Когда переправились через Янк, караван взял налево по направлению к Итилю[23], а Хабрау поднялся на высокий холм и рухнул на высохшую траву. Два месяца шел, ни отдыха, ни послабления себе не давал, а три часа осталось — силы кончились.
Все дальше и дальше уходил тоскливый звон медных колокольчиков на шеях верблюдов. Большой караван, навьюченный тюками риса, изюма, дорогих шелков, красивой узорчатой посуды, оружия в золотой и серебряной чеканке, обходя невысокие холмы, мерно покачиваясь, потянулся на запад.

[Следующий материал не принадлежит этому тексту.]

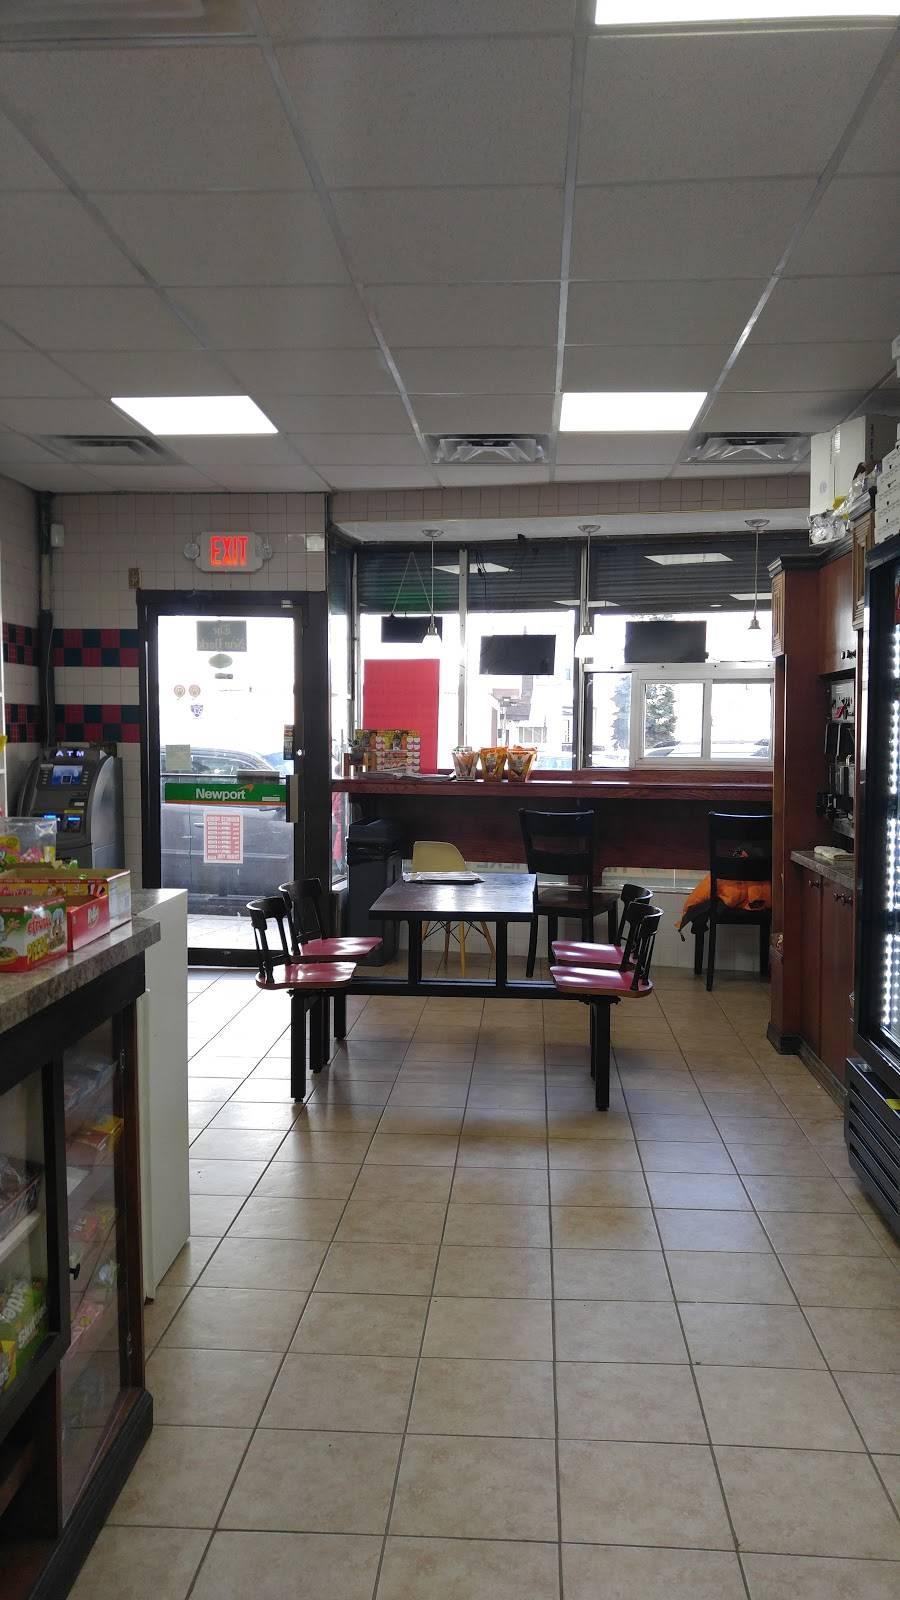 St. Mark's Pizzeria & Deli. | restaurant | 420 West Side Ave, Jersey City, NJ 07304, USA | 2014086222 OR +1 201-408-6222

Караван уходил и уходил. Хабрау лежал навзничь, лицом к небу, и уже не смотрел, а только слушал затихающий звон верблюжьих колокольцев, которые еще порывами доносил ветер… Так, видно, и заснул.
Ильтуган домолол лепешку, которую дал ему Хабрау, и теперь спит. Во сне чмокает губами — все, видно, еда снится. А путник, встав во весь рост, оглядывает бескрайнюю степь. Куда ни бросит взгляд, пасутся стада, то там, то здесь тянутся в небо столбы дыма. Земля, где родился он и вырос, его родина, по которой он тосковал три года. Что ждет его здесь?
Сначала он уткнется лицом в колени матери и расскажет ей обо всем, что видел, что изведал, о всех своих мытарствах, о бедах и радостях, пережитых за годы разлуки.
Словно вешние воды, выходящие из берегов, кипят в его душе новые песни, строки новых стихов. Не было предела его тоске по этим краям, вот о чем он будет петь своим землякам — о том, что нет ничего дороже земли, на которой ты родился и вырос.
Пришлось разбудить Ильтугана. Мальчик побежал к пастухам, а он зашагал к большому яйляу, раскинувшемуся на землях Богары. Эти места уже были знакомы, и он быстрым шагом пошел искать свой аул, повезло, что его сородичи в этом году остановились здесь.
Явь это? Сон? Вот и стоит Хабрау возле их старенькой юрты. Протянет руку к дверному ремню и опустит снова. И рука — как душа, чего-то боится и чего-то ждет. Наконец дверь распахнулась сама. На пороге показалась мать. Осанка все такая же прямая, как и в молодости, но время свое берет, две глубокие морщины прочертили лоб, вытянулось лицо, из-под платка выбились пряди волос, в них серебром сверкает седина. Только глаза, как и в молодости, яркие и лучистые. Застыла на миг мать и вспорхнувшей птицей бросилась к сыну на грудь.
— Сынок, свет моих очей! — Из груди ее вырвался стон. Руки гладят сына по лицу, по плечам, а обессиленное тело сползает на землю.
Хабрау подхватил ее и ввел в юрту. Мать пришла в себя, смущаясь, убрала волосы под платок, пригладила платье и, сверкнув молодым, лучистым взглядом, по которому так тосковал ее сын, уткнулась головой ему в грудь.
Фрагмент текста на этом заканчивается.